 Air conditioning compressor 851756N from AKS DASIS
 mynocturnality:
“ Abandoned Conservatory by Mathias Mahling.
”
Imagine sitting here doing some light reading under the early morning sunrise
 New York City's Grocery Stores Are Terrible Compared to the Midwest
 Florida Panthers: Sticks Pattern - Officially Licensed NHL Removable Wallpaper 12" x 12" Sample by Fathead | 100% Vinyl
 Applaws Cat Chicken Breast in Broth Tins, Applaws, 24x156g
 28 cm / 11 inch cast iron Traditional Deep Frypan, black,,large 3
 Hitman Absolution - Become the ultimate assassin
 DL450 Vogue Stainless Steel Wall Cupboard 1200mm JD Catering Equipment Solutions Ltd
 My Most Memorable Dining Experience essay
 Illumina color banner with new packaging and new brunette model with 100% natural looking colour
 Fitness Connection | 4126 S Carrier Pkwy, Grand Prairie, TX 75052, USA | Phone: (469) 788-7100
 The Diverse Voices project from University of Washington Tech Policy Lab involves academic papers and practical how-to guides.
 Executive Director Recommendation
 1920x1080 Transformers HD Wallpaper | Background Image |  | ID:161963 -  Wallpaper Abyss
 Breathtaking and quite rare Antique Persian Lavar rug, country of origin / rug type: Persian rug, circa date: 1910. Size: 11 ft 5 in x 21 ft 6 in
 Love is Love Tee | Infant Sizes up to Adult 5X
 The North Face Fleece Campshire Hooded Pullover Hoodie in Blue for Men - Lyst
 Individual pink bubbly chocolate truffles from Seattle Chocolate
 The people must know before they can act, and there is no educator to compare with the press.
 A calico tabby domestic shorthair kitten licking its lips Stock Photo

————

WORK ORDER
Please show the lines of the material that contain the string "with".

WRITTEN ANSWER
 Illumina color banner with new packaging and new brunette model with 100% natural looking colour
 The people must know before they can act, and there is no educator to compare with the press.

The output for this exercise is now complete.